Martin voltooide Golgotha in 1948, twee jaar nadat hij zijn geboorteland Zwitserland had verlaten om zich in Nederland te vestigen. Het stuk heeft inderdaad (behalve het verhaal en de grote bezetting) niets gemeen met Bachs passies - helaas. Want hoewel Martin er onmiskenbaar in geslaagd is om zijn eigen religieuze gevoelens te verklanken in muziek met een persoonlijke signatuur, ontbeert zijn Golgotha de spanning tussen dramatiek en devotie die andere passies - en niet alleen die van Bach - zo boeiend maakt.
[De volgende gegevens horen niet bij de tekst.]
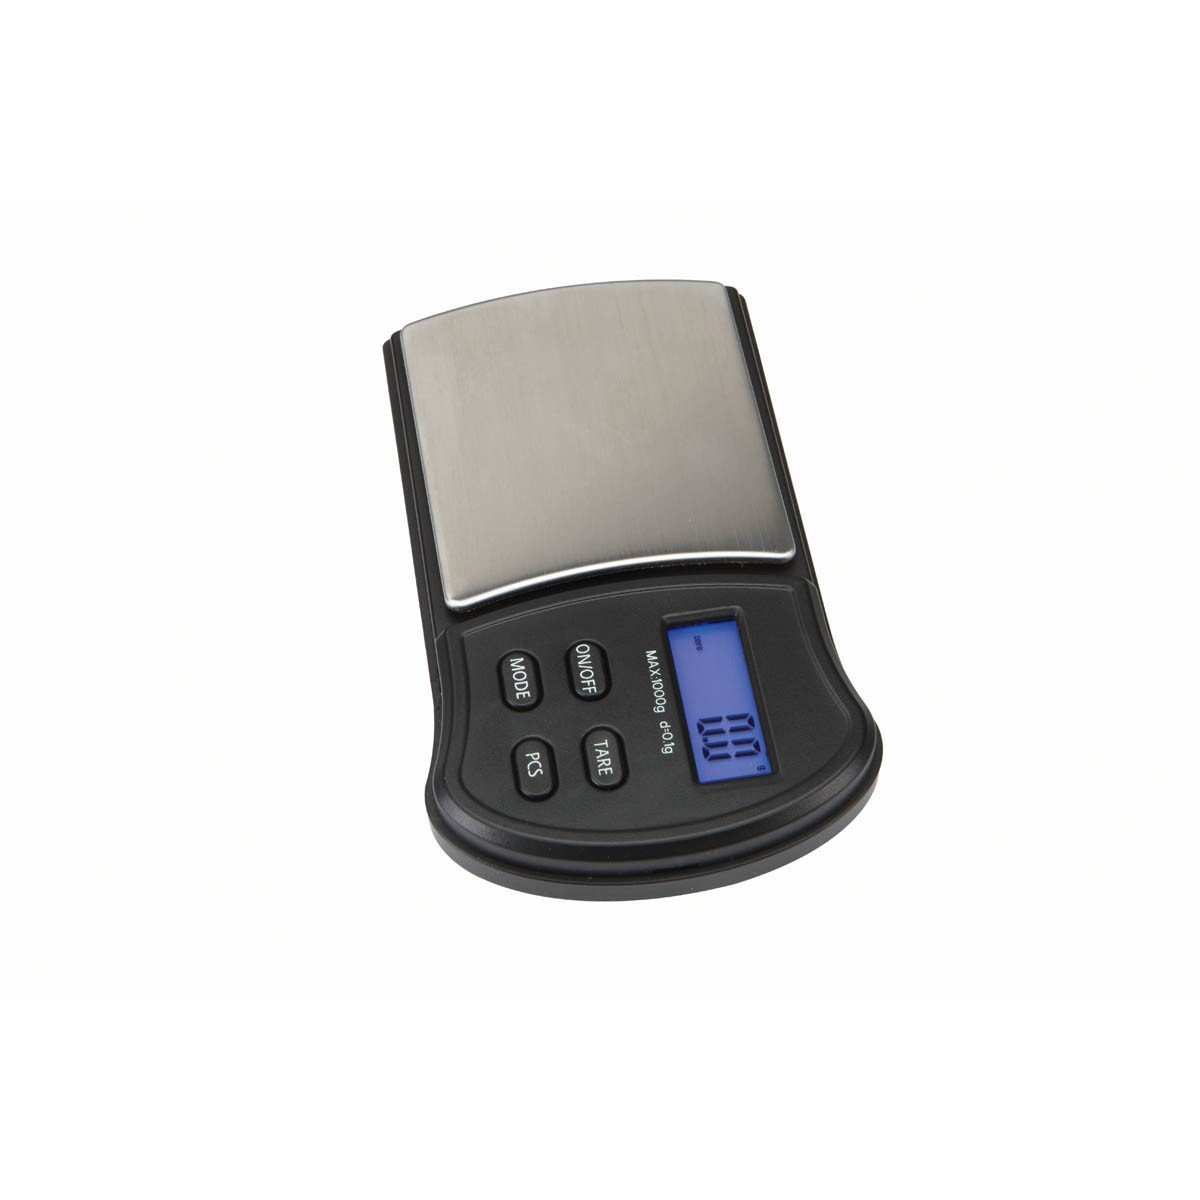 1000 gram Digital Scale -USATM by Cen-Tech

Merkwaardig genoeg klinkt dit zelden gespeelde werk niet alleen bij het Brabants Orkest, maar ook nog eens aanstaande zaterdag in de VARA/VPRO/NPS-Matinee. Het Radio Symfonie Orkest en het Groot Omroepkoor hebben natuurlijk wat betere papieren, maar het is twijfelachtig of het werk daar veel bij zal winnen. Aan bezieling ontbrak het de Brabantse uitvoering niet. Chefdirigent Marc Soustrot hield de soms aanzienlijke klankmassa's goed in balans, het Brabant Koor ontplooide een illuster, zij het niet tot in de details aangescherpt geluid en de solisten zongen mooi, met uitzondering van Huub Claessens (bijzonder mooi) en Ans van Dam, die elke toon na een te lage inzet opwaarts stuwde (niet mooi).

Martin baseerde zijn werk op een eigen selectie uit de vier evangeliën die hij aanvulde met contemplatieve fragmenten uit het werk van Augustinus. Het werk ontvouwt zich overwegend in brede, weidse blokken, nu eens ijl, dan weer warm en mollig van klank. De voorwaartse kracht van de baspartijen en de telkens terugkerende licht-tegendraadse gang van de stemmen daarboven zijn intrigerend. Maar het frustrerende is dat die voorwaartse beweging niet ophoudt, ja, geen ander doel lijkt te hebben dan te bewegen, zodat de muziek, ook op de mooiste, meest verstilde momenten toch weer verstrikt raakt in tobberige harmonieën. Die ene quasi-middeleeuwse passage in een stralend majeur, die de Wederopstanding symboliseert, komt dan ook als een - helaas tijdelijke - bevrijding.